NIHBA (Network Interdiction with Hybrid Benders Algorithm) is a software platform for identifying as many genetic modification strategies as possible for metabolic engineering. It is based on genome-scale metabolic models (GSMM), and considers the host cell and a metabolic engineer as two different agenets playing a game: the metabolic engineer attempts to maximally violate the host cell's primary objective. This game is called network interdiction in game theory. NIHBA employs a hybrid Bender's decomposition algorithm to solve this network interdiction problem, thereby achieving high efficiency without numeric issues in search of best design strategies.
These instructions will get you a copy of the project up and running on your local machine for development and testing purposes.

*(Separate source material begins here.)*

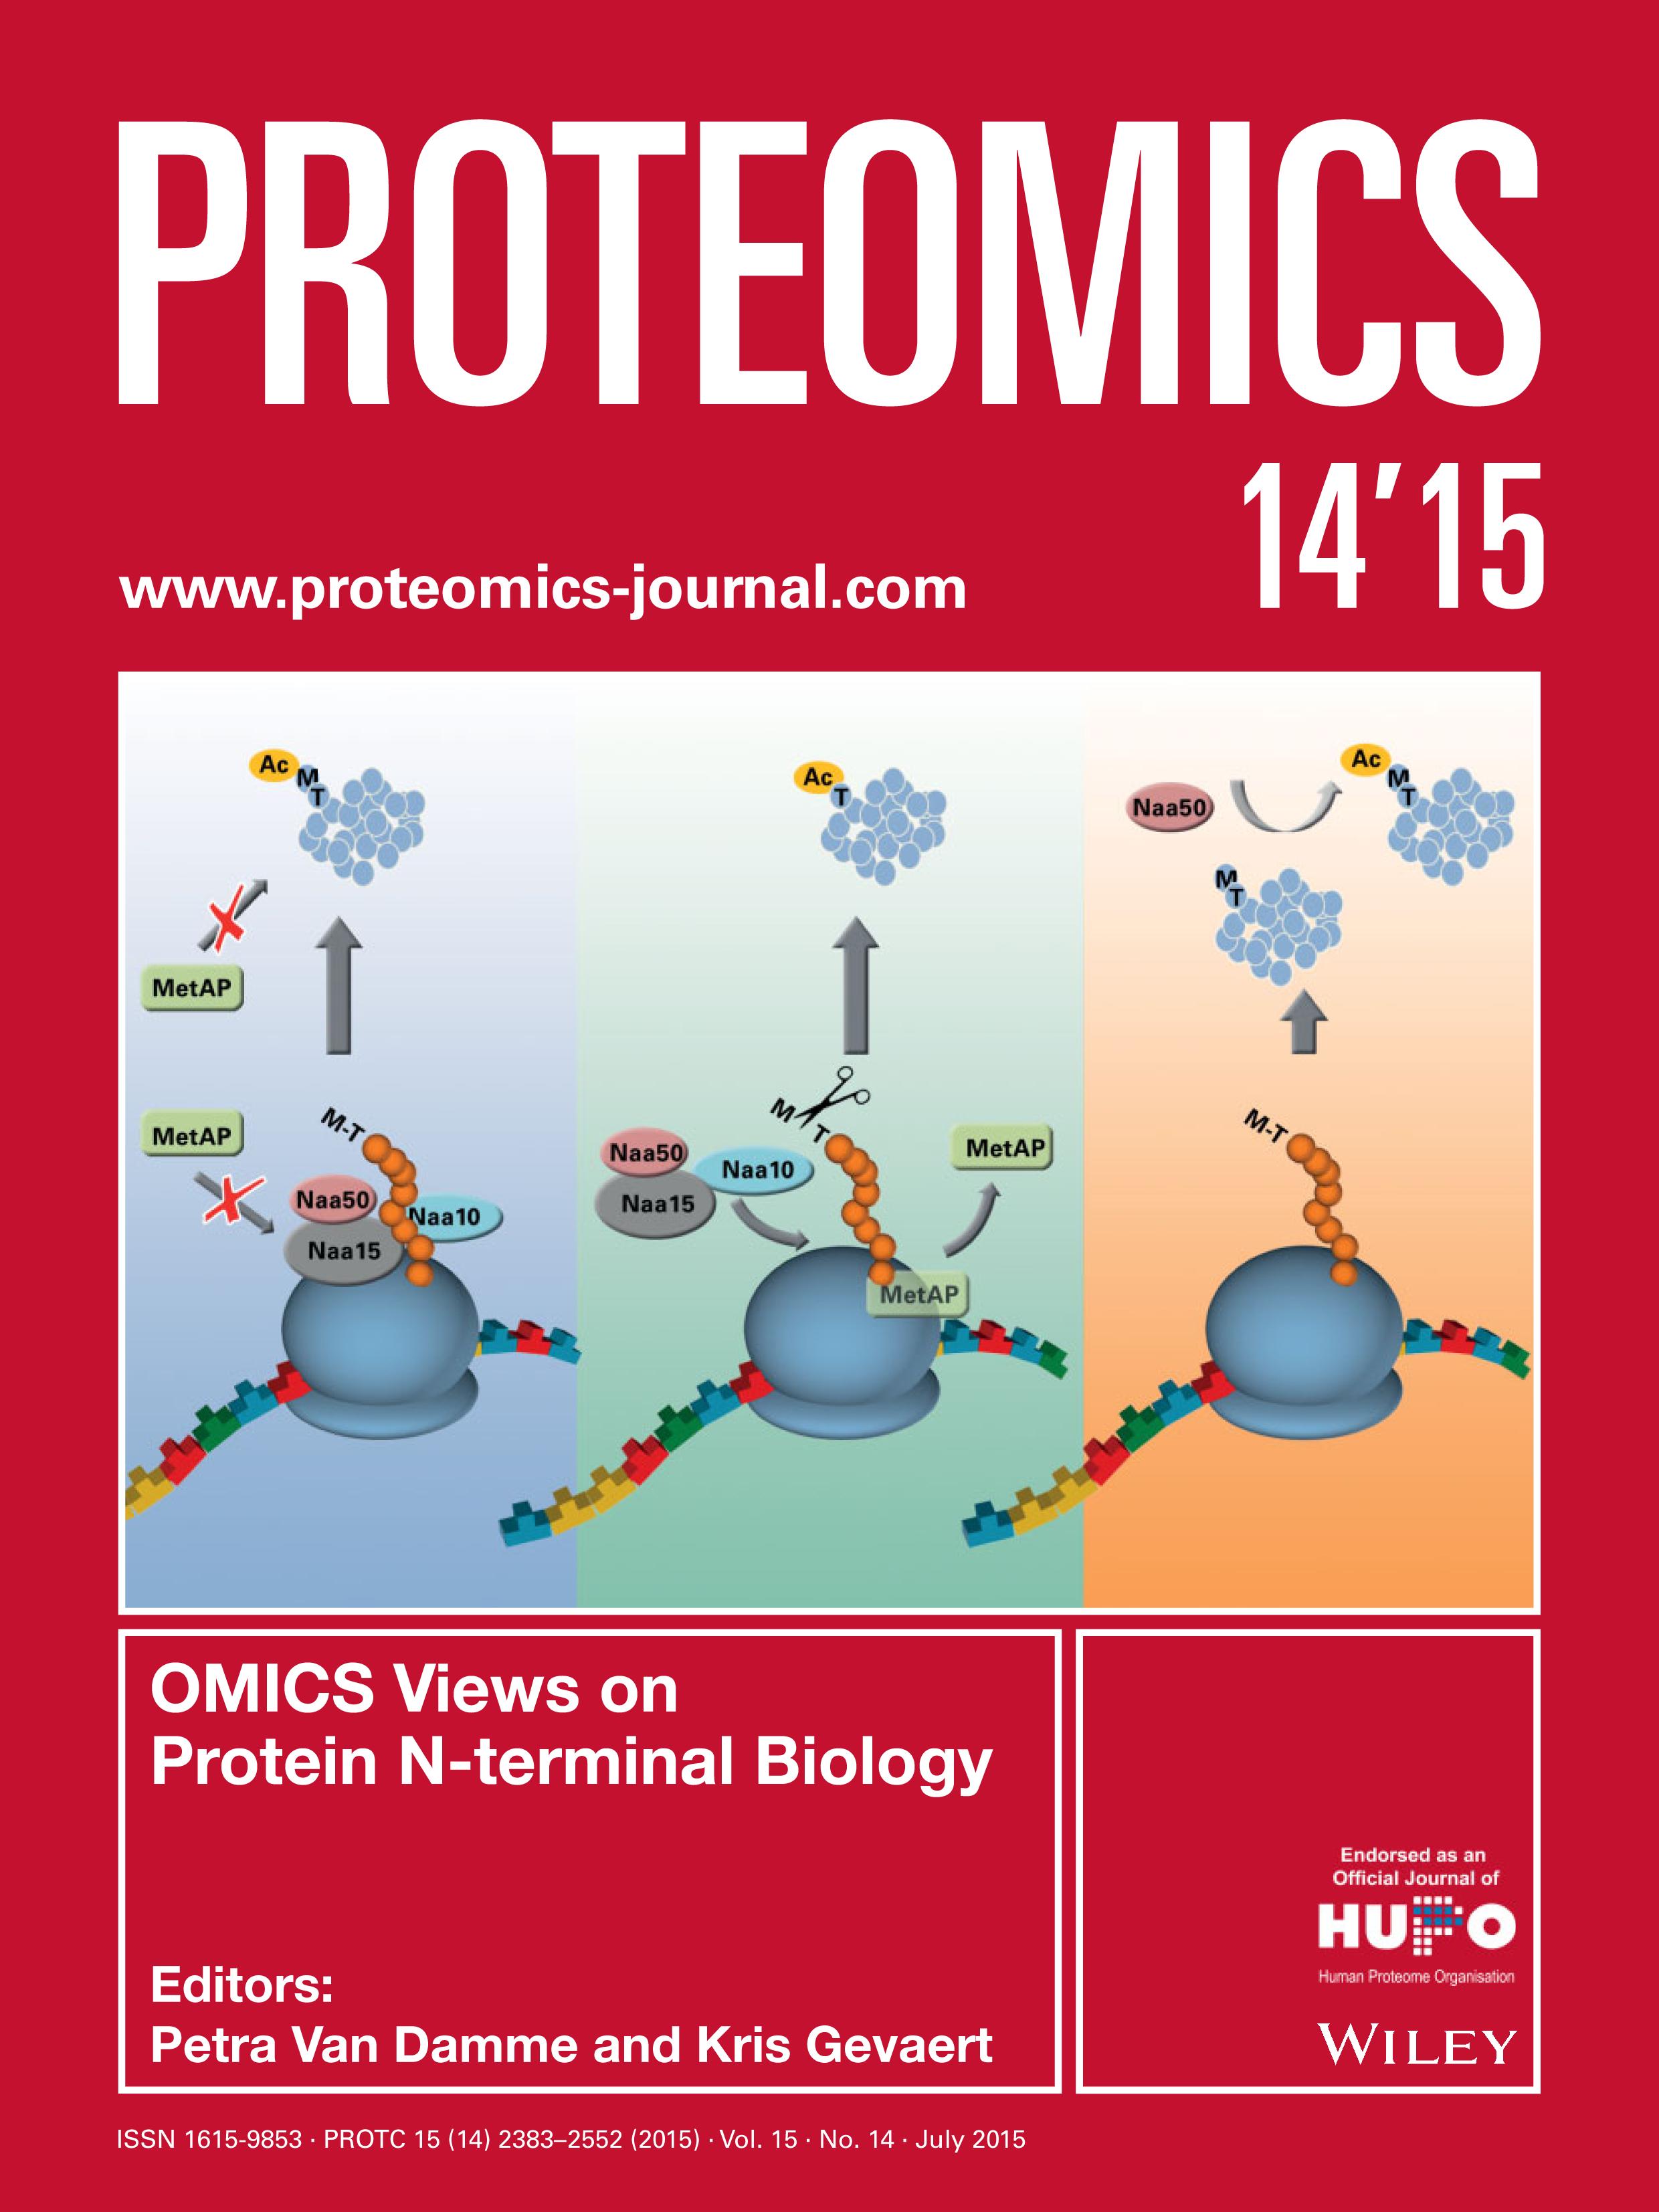 Copyright Proteomics

MATLAB2016 and later cobratoolbox (latest version: 3.0) Gurobi7.5 (or other software packages containing LP and ILP solvers)
1, Download the whole NIHBA package directly from this repository or clone using $ git clone --depth=1 https://github.com/Chang88ye/NIHBA.git NIHBA
2, Launch MATLAB and change the working directory to NIHBA as the current folder. Then run nihba_setup
nihba_setup
Note: nihba_setup will help you add all the NIHBA files to matlab directory. It will also test if you have all prerequisites available for NIHBA. Please manually create a folder called reduced, under NIHBA directory if you would like to compress your model for faster computer and more stability
It is extremely important to retrieve unbounded rays for unbounded LP in NIHBA. This can be done by [setting the InfUnbdInfo parameter to 1 for gurobi, and then return the unbounded ray in solveCobraLP (i.e., x=resultgurobi.unbdray in Cobratoolbox)]. The following shows what should look like in the unbounded case of solveCobraLP for gurobi.
case 'UNBOUNDED'
stat = 2; % unbounded
x=resultgurobi.unbdray;
If you encounter that [optimality conditions are not satisfied in solveCobraQP], it is likely caused by the numerical issue in the ['analyzeOptKnock'] function in the cobratoolbox. In this case, you can replace it with the one provided in NIBA.
3, Run a toy example that maximises succinate production from the E. coli core model.
run_example
4, If you want to apply NIHBA to other genome-scale models for different products, just change target product in run_example
5, If you wish to visualise the results of NIHBA as done in our paper, please feel free to use or modify the code provided at https://github.com/chang88ye/NIHBA-supplement (data for Table 1 included)
Released under the MIT license. All included network models provided under their respective licenses.
Jiang S, Wang Y, Kaiser M, Krasnogor N (2020) NIHBA: A network interdiction approach for Metabolic Engineering Design, Bioinformatics, 36 (11), 3482-3492.